I've a solution 0.002M of Pb(NO3)2:
What is the minimum concentration of iodide ions (I-) necessary to observe the precipitation of PbI2?
What mass of KI should be added to observe the precipitation of PbI2 from the 25 mL volume lead nitrate solution?
................Pb(NO3)2 ==> Pb^2+ + 2NO3^-
I...............0.002..................0............0
C............-0.002.............0.002.......0.002*2
E.................0.................0.002.......0.004
..........PbI2 ==> Pb^2+ + 2I^-
Ksp = (Pb^2+)(I^-)^2
Look up Ksp and substitute.
You know (Pb^2+) from the Pb(NO3)2 equilibrium.
Solve for (I^-) in mols//L. Convert to mols/25 mL. Convert to grams KI/25 mL.
Post your work if you get stuck.
To determine the minimum concentration of iodide ions (I-) necessary to observe the precipitation of PbI2, we need to consider the solubility product constant (Ksp) of PbI2. In this case, PbI2 is the solid that will form when precipitation occurs, and its Ksp expression is as follows:
Ksp = [Pb2+][I-]2
Since we only have the concentration of Pb(NO3)2 and not the concentration of iodide ions (I-), we need to find a way to obtain the concentration of I-.

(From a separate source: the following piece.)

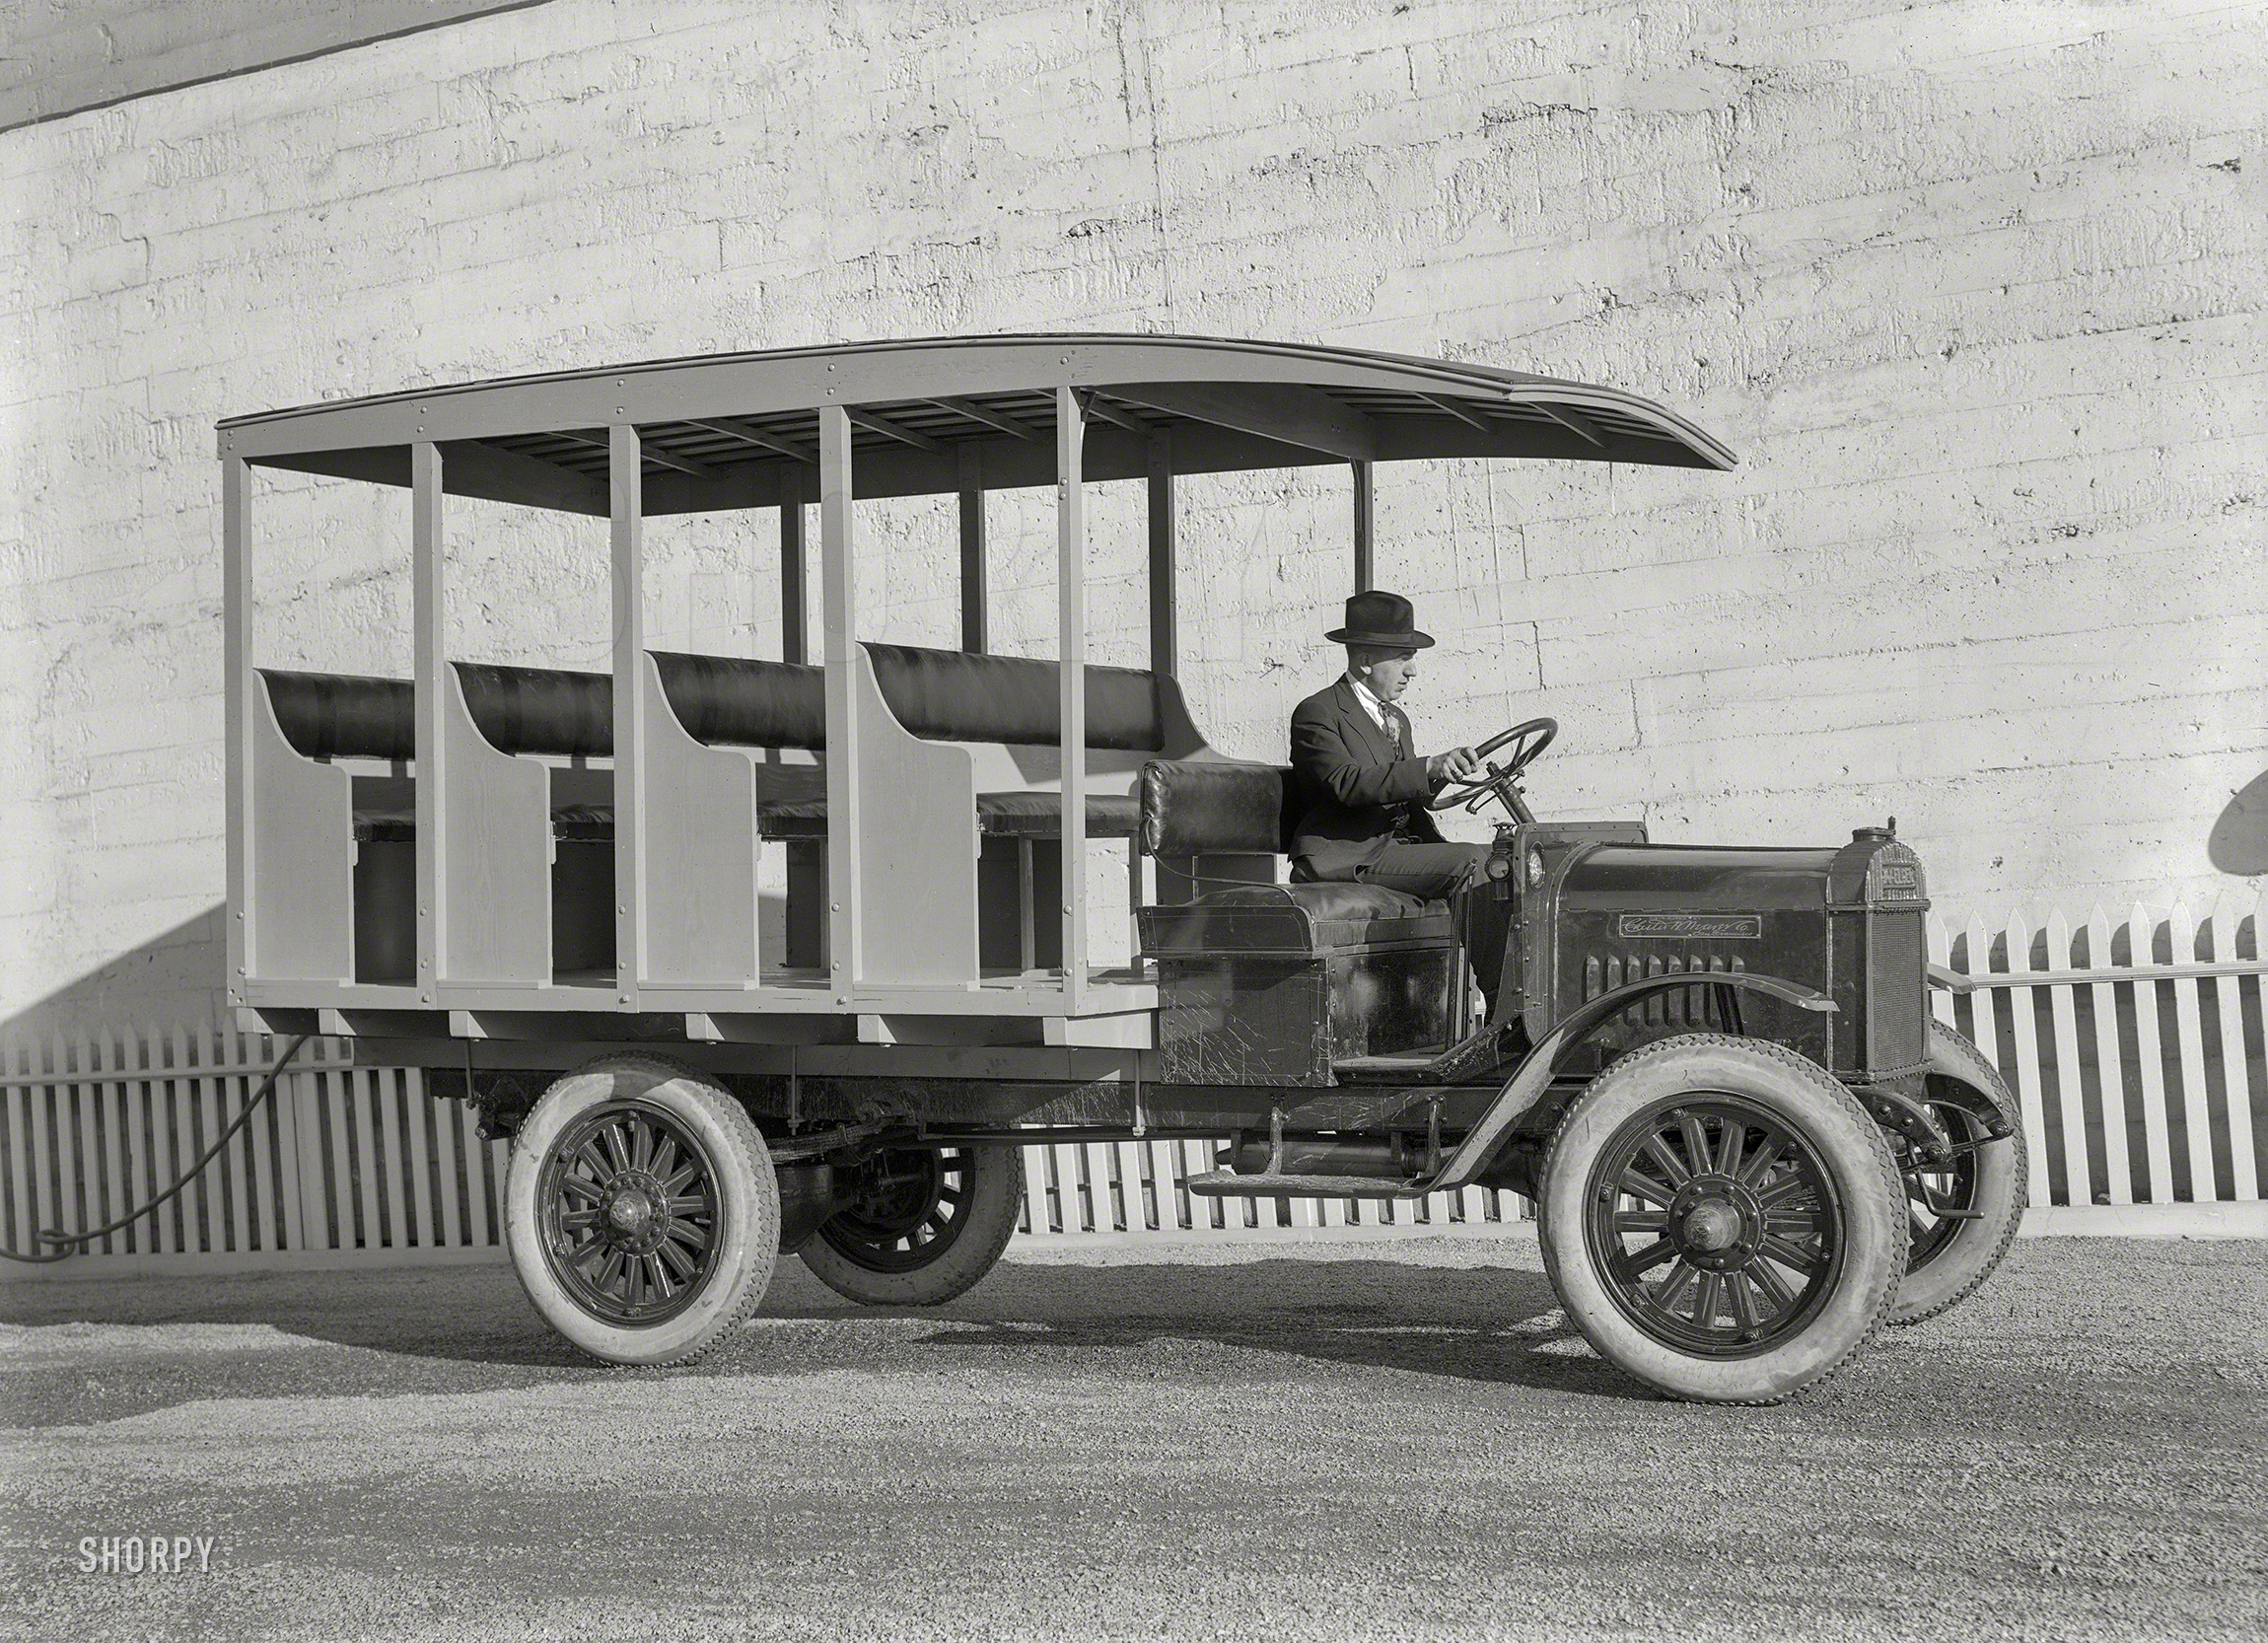 San Francisco circa 1918. "Day-Elder bus." Today's entry in the Shorpy Inventory of Obsolete Omnibi poses the question: How did its passengers get on and off, or from front to back, on a vehicle whose seats seem to extend the full width of the bus? 5x7 glass negative by Christopher Helin. View full size.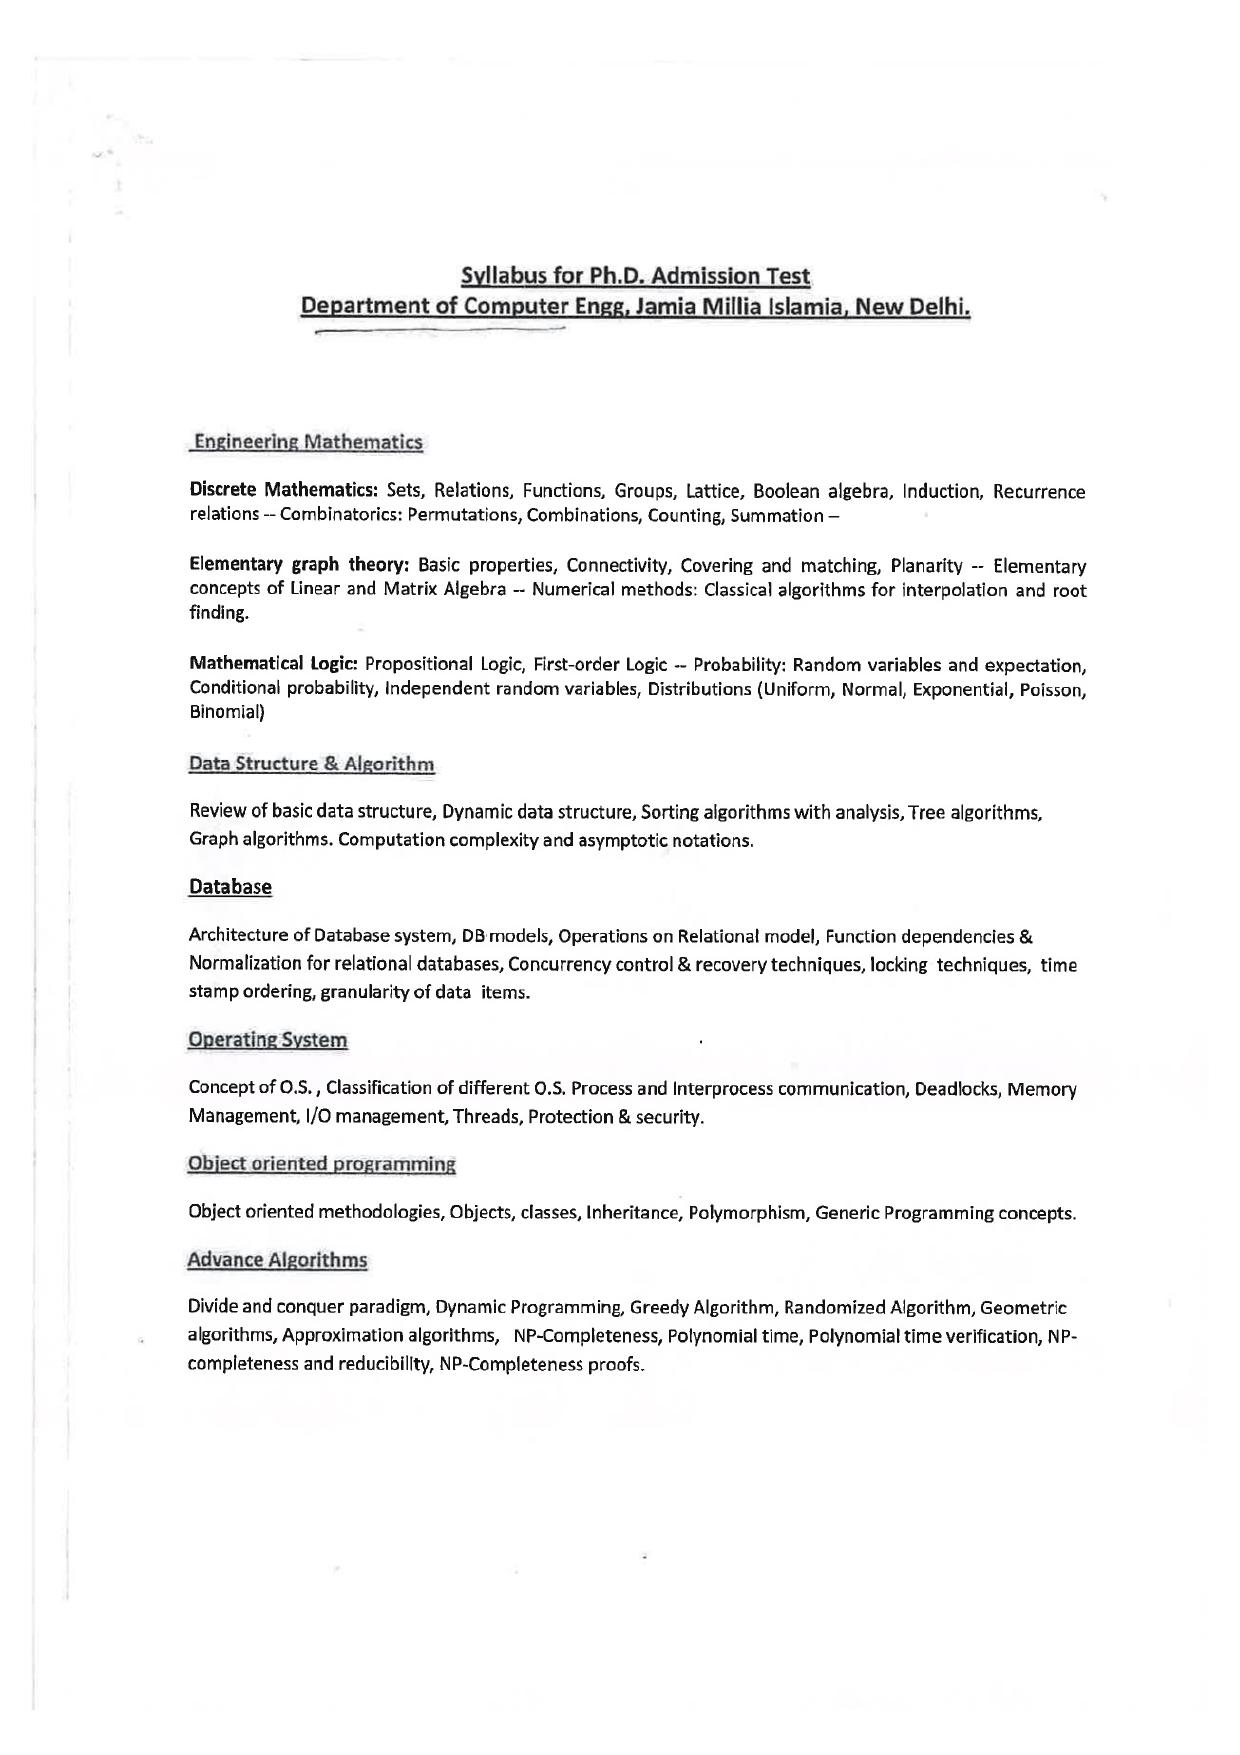 JMI Entrance Exam FACULTY OF ENGINEERING & TECHNOLOGY Syllabus - Page 12

Assuming the dissociation of Pb(NO3)2 is complete, we can calculate the concentration of Pb2+ ions from the provided Pb(NO3)2 concentration. Pb(NO3)2 dissociates into Pb2+ and 2NO3- ions, so the concentration of Pb2+ will be twice the concentration of Pb(NO3)2:
[Pb2+] = 2 * 0.002M = 0.004M
Now we need to determine the minimum concentration of iodide ions (I-) needed to reach the Ksp value and initiate precipitation. By inspecting the Ksp expression, we can see that the concentration of iodide ions (I-) must be equal to the square root of the Ksp value divided by the concentration of Pb2+:
[I-] = sqrt(Ksp / [Pb2+])
To solve this, we need the value of Ksp for PbI2. The Ksp value for PbI2 is approximately 7.9 x 10^-9.
[I-] = sqrt(7.9 x 10^-9 / 0.004) = 4.99 x 10^-3 M
Therefore, the minimum concentration of iodide ions (I-) necessary to observe the precipitation of PbI2 is approximately 4.99 x 10^-3 M.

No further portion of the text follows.